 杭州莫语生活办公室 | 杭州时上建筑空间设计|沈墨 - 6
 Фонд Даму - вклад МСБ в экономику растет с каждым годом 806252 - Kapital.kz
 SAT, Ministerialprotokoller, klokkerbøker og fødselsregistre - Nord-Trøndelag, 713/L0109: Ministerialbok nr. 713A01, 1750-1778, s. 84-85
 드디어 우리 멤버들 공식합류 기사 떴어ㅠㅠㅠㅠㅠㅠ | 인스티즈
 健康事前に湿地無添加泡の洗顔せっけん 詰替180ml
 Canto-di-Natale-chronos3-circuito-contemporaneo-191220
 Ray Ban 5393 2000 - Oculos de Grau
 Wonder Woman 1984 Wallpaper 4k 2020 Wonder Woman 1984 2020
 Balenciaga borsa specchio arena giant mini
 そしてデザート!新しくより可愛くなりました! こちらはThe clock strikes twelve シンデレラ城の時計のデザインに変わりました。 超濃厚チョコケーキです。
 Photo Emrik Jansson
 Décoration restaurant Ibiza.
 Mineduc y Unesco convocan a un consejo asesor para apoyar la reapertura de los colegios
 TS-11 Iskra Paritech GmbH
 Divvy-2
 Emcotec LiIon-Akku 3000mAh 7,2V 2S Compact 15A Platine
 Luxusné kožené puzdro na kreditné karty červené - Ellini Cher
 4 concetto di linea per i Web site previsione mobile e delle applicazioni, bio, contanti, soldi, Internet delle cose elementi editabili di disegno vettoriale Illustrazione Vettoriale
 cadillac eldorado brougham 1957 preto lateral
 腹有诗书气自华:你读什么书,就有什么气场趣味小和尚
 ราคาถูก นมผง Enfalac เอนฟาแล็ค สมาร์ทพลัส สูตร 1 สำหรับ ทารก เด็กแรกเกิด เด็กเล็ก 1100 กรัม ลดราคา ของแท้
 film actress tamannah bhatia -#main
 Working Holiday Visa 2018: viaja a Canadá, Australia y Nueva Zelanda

> _Assignment_: Could you return exactly the lines above from the line with "Canto-di-Natale-chronos3-circuito-contemporaneo-191220" to the line with "Luxusné kožené puzdro", both included, and nothing else?

> _Your response_:
 Canto-di-Natale-chronos3-circuito-contemporaneo-191220
 Ray Ban 5393 2000 - Oculos de Grau
 Wonder Woman 1984 Wallpaper 4k 2020 Wonder Woman 1984 2020
 Balenciaga borsa specchio arena giant mini
 そしてデザート!新しくより可愛くなりました! こちらはThe clock strikes twelve シンデレラ城の時計のデザインに変わりました。 超濃厚チョコケーキです。
 Photo Emrik Jansson
 Décoration restaurant Ibiza.
 Mineduc y Unesco convocan a un consejo asesor para apoyar la reapertura de los colegios
 TS-11 Iskra Paritech GmbH
 Divvy-2
 Emcotec LiIon-Akku 3000mAh 7,2V 2S Compact 15A Platine
 Luxusné kožené puzdro na kreditné karty červené - Ellini Cher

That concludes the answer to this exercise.